Gördüğümüz kadarıyla son birkaç yıldır yıllık hazırlama işi iyiden iyiye tavsadı. Oysa yıllıklarda bir yılın dökümü yapılır, o yıl yayımlanan eserlerden seçmeler yayımlanır, yıl içinde yaşanan edebiyat tartışmaları özetlenirdi. Yıllıklarda bir de soruşturma bölümleri olurdu.
Biz burada, en azından yıllıkların soruşturma kısmını yaşatalım istiyoruz. Nedir, Parşömen Sanal Fanzin olarak, bunu internet yayıncılığı yapan bir e-dergi olmamızın sınırları içerisinde yapabiliriz: Az soruyla, soruşturmaya yanıt veren her değerli katılımcının yanıtlarını ayrı ayrı yayımlayarak. Öte yandan, soruşturmada az soru olmasına rağmen, “açılmaya” veya “genişletilmeye” müsait konulara işaret ettiğimizi düşünüyoruz. Yanıtların uzunluğu konusunda hiçbir kısıtlamamız yok.
Eleştiri ortamımızın çoraklığı ortada. Bu yüzden soruşturmanın son sorusunu çok önemsiyoruz. Yalnızca “en iyi” listeleri yapmakla yetinmek istemiyoruz. Sorunları ortaya koymanın birlikte düşünmeye, giderek çözümler üretmeye varacağını umut ediyoruz. Geçen yıl yaptığımız soruşturmayı değerli katılımcıların katkılarıyla yayımlamıştık. Bu soruşturmaları önümüzdeki yıllarda da sürdürmek istiyoruz.
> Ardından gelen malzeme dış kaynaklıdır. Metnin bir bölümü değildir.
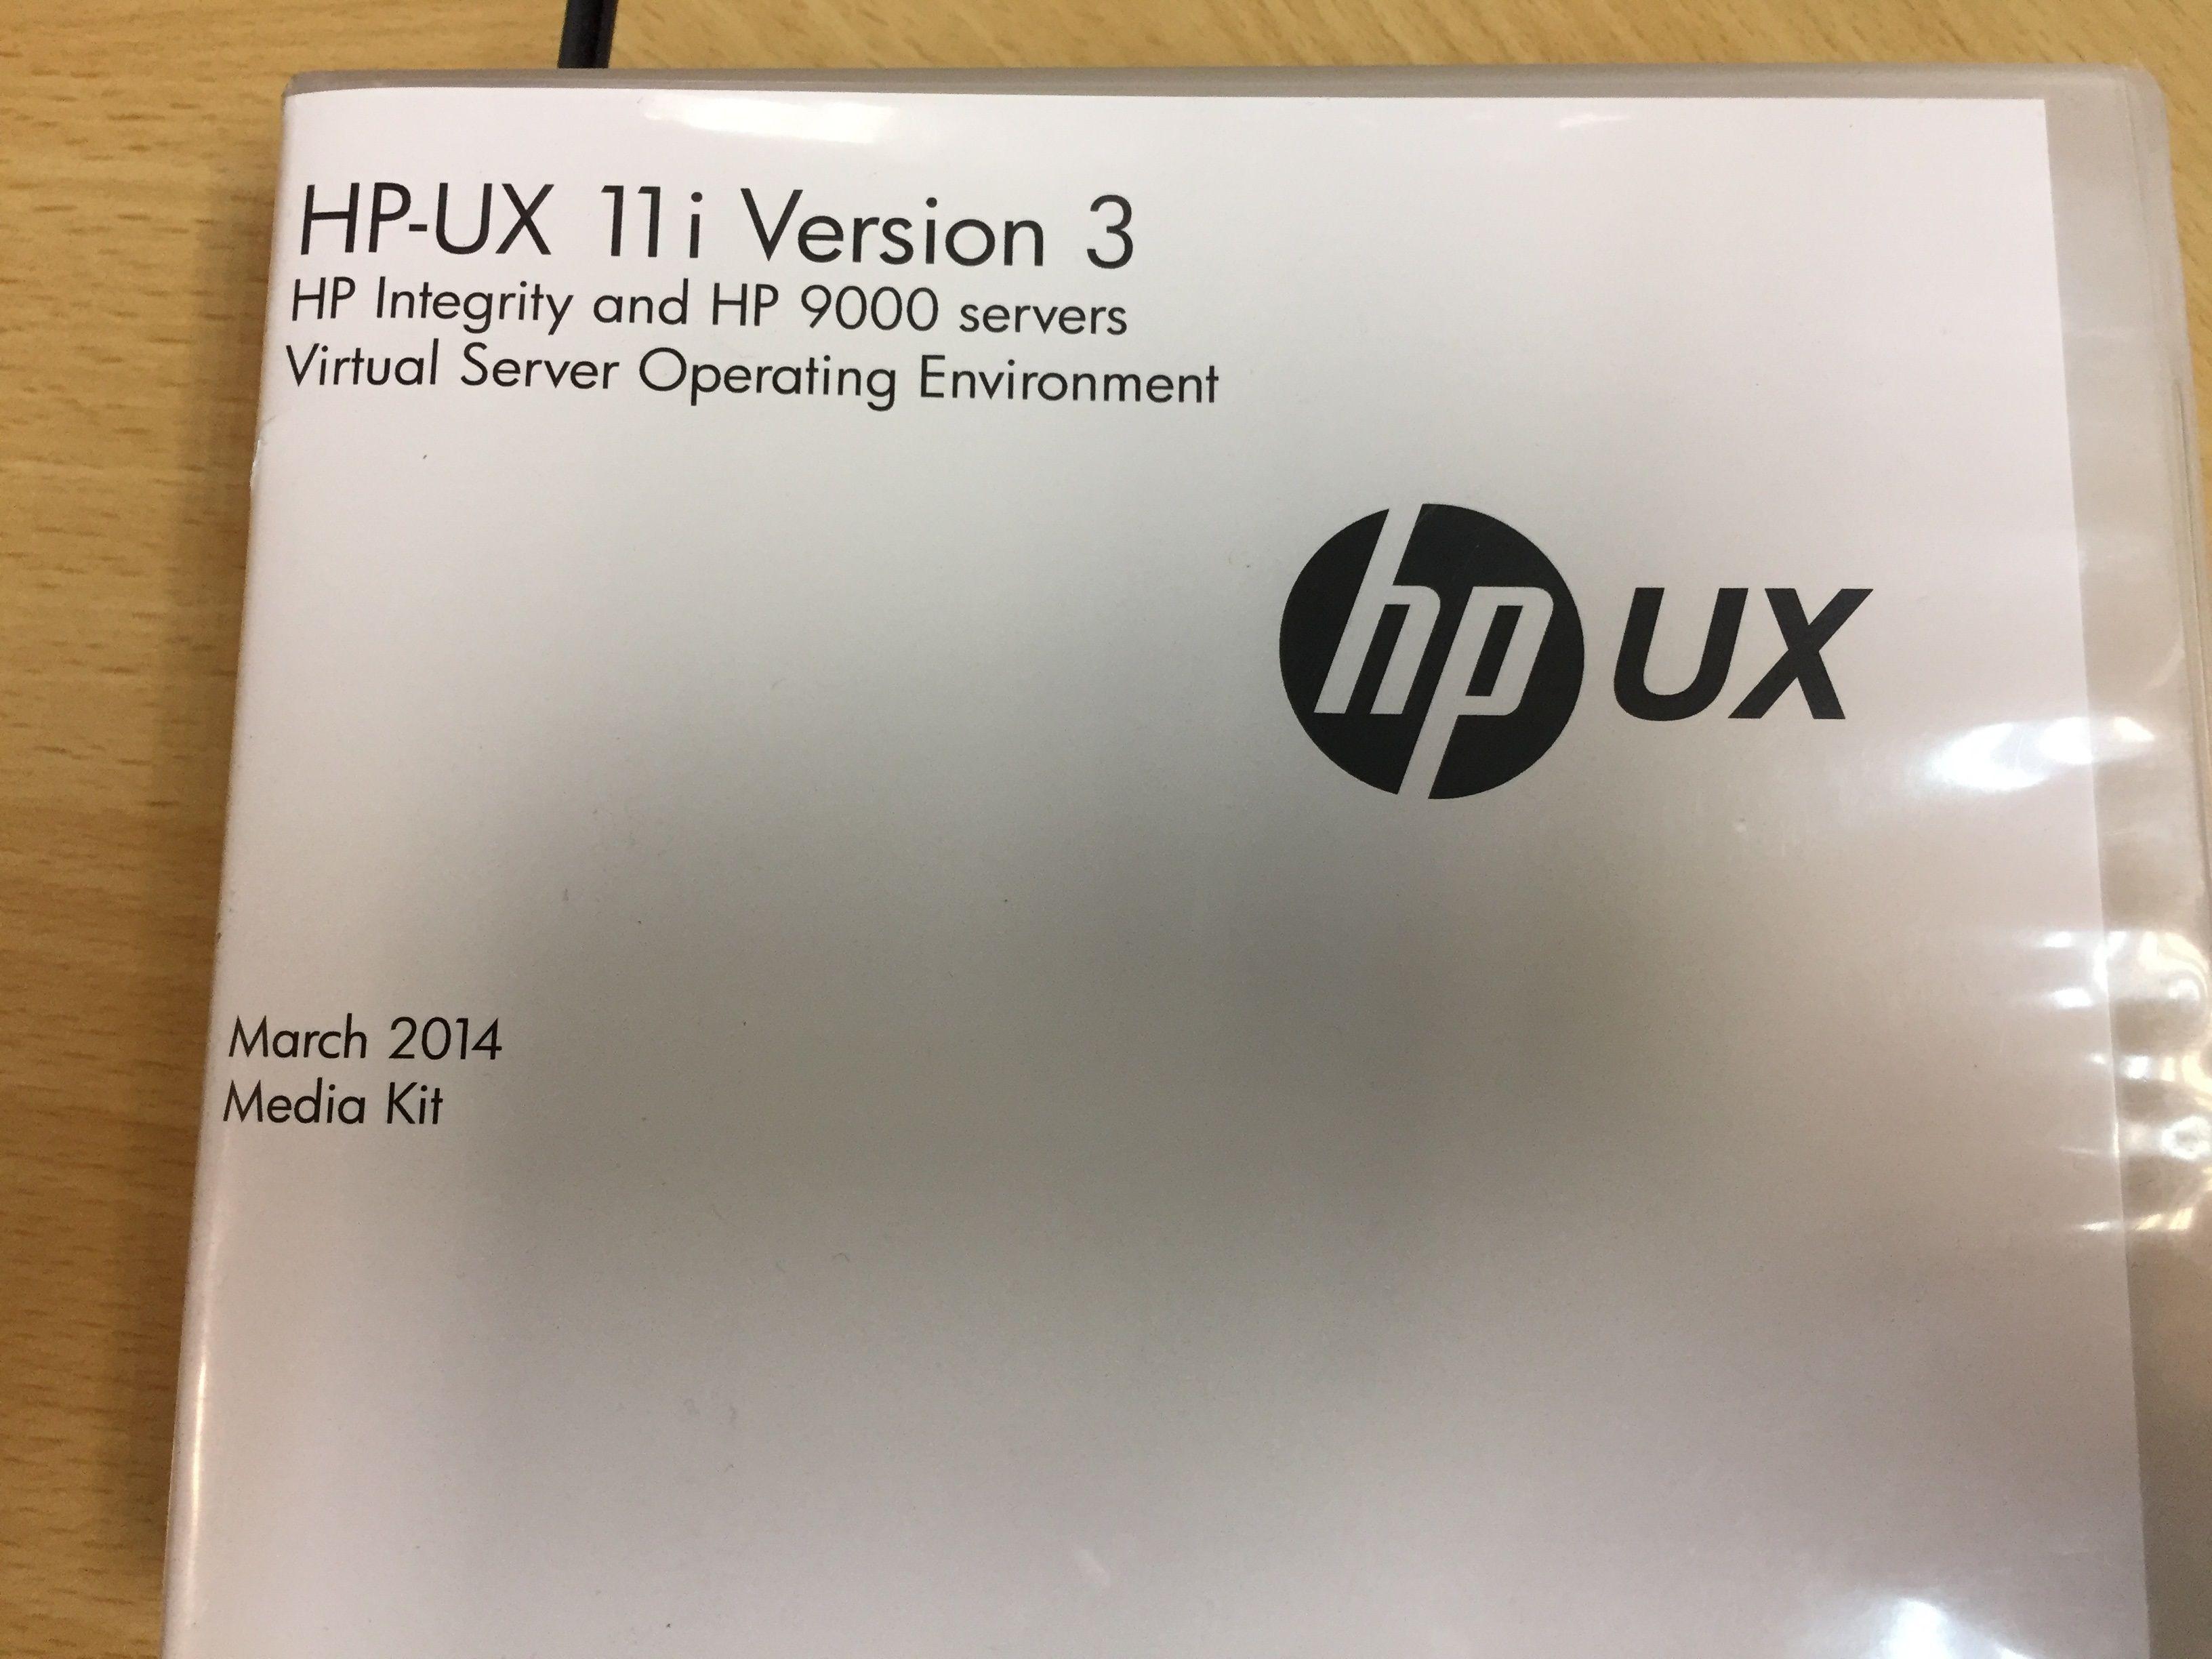 hpux_media_kit.jpg

Bu tür soruşturmalar ekseriyetle aynı kişilere sorulur. Biz bu tavrı da demokratikleştirmek istediğimiz için eleştirmenler, yazarlar, çevirmenler, akademisyenler, şairler, kitapçılar ve editörlerin yanısıra okurların da soruşturmaya katılımını sağlamaya çalıştık, çalışacağız.
2020’yi Koronavirüs Salgınının gölgesinde geçirdik, kötü ve karamsar bir yıl oldu. 2021’nin edebiyat açısından daha verimli, barış dolu ve en önemlisi sağlıklı olacağımız bir yıl olmasını dileriz.

Yıl içinde yayımlanan ve beğenerek okuduğunuz ama yeterli ilgiyi görmediğini düşündüğünüz kurgu kitap ya da kitapları (telif ya da çeviri), beğenme nedenlerinizden de kısaca bahsederek bizimle paylaşır mısınız?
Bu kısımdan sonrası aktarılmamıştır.